*Available data*
_ _ _ _

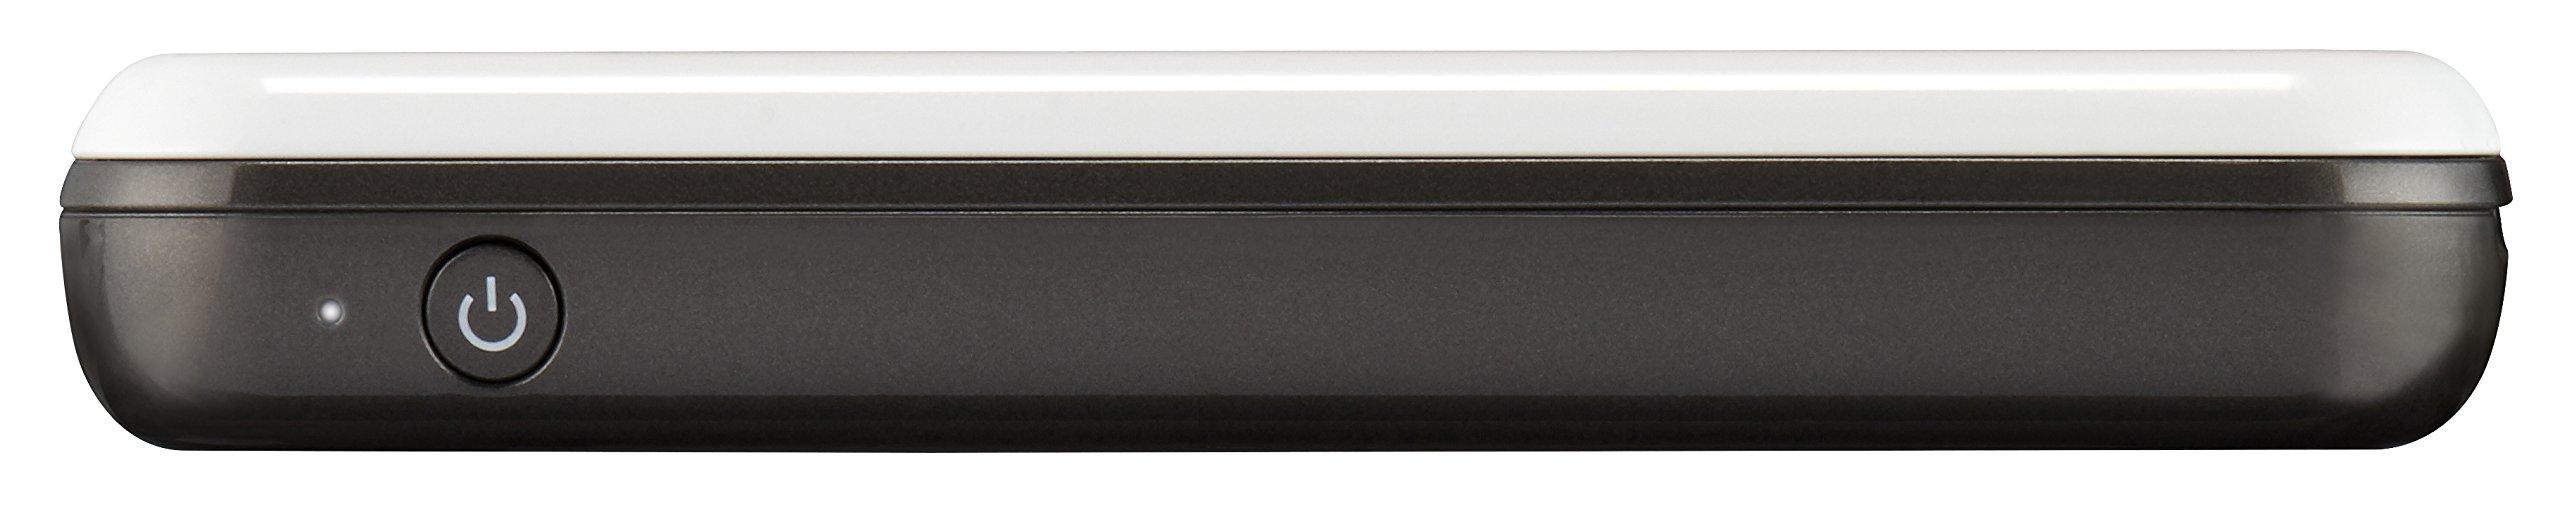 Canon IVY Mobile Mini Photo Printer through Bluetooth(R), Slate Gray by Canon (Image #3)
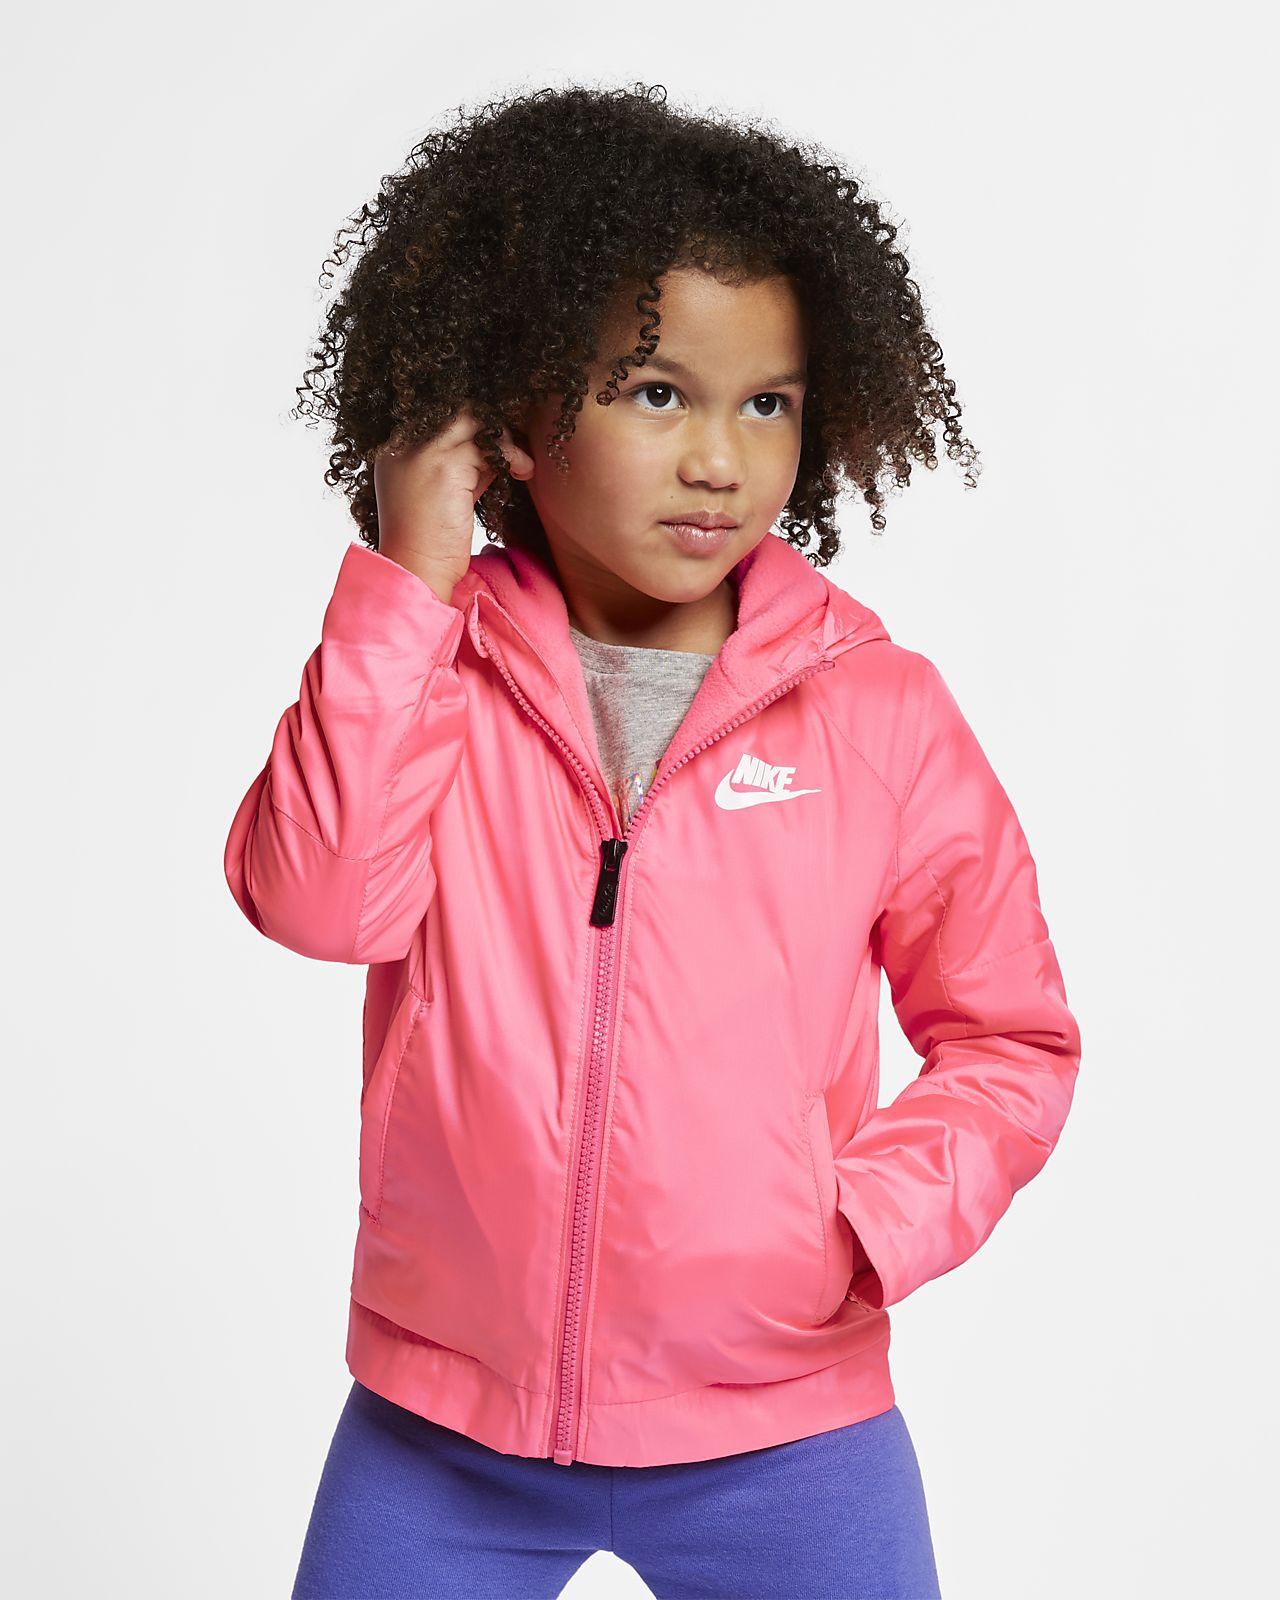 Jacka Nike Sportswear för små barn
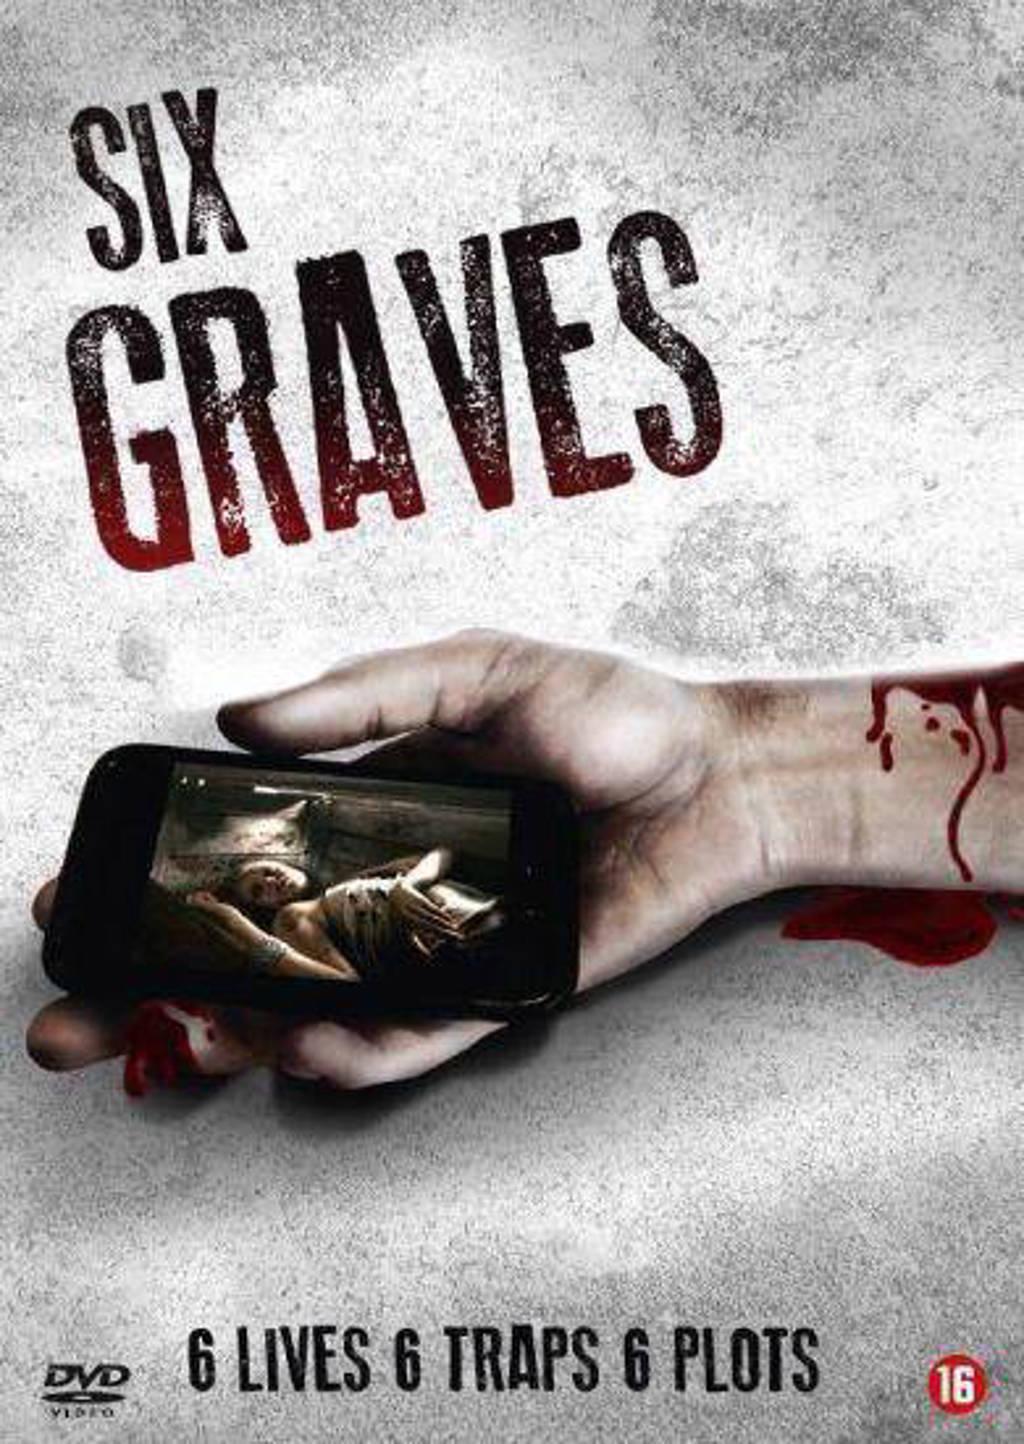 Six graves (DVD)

_ _ _ _

*Work to be completed*
Please repeat all of the data exactly, excluding images.

*Answer area*
 Canon IVY Mobile Mini Photo Printer through Bluetooth(R), Slate Gray by Canon (Image #3)
 Jacka Nike Sportswear för små barn
 Six graves (DVD)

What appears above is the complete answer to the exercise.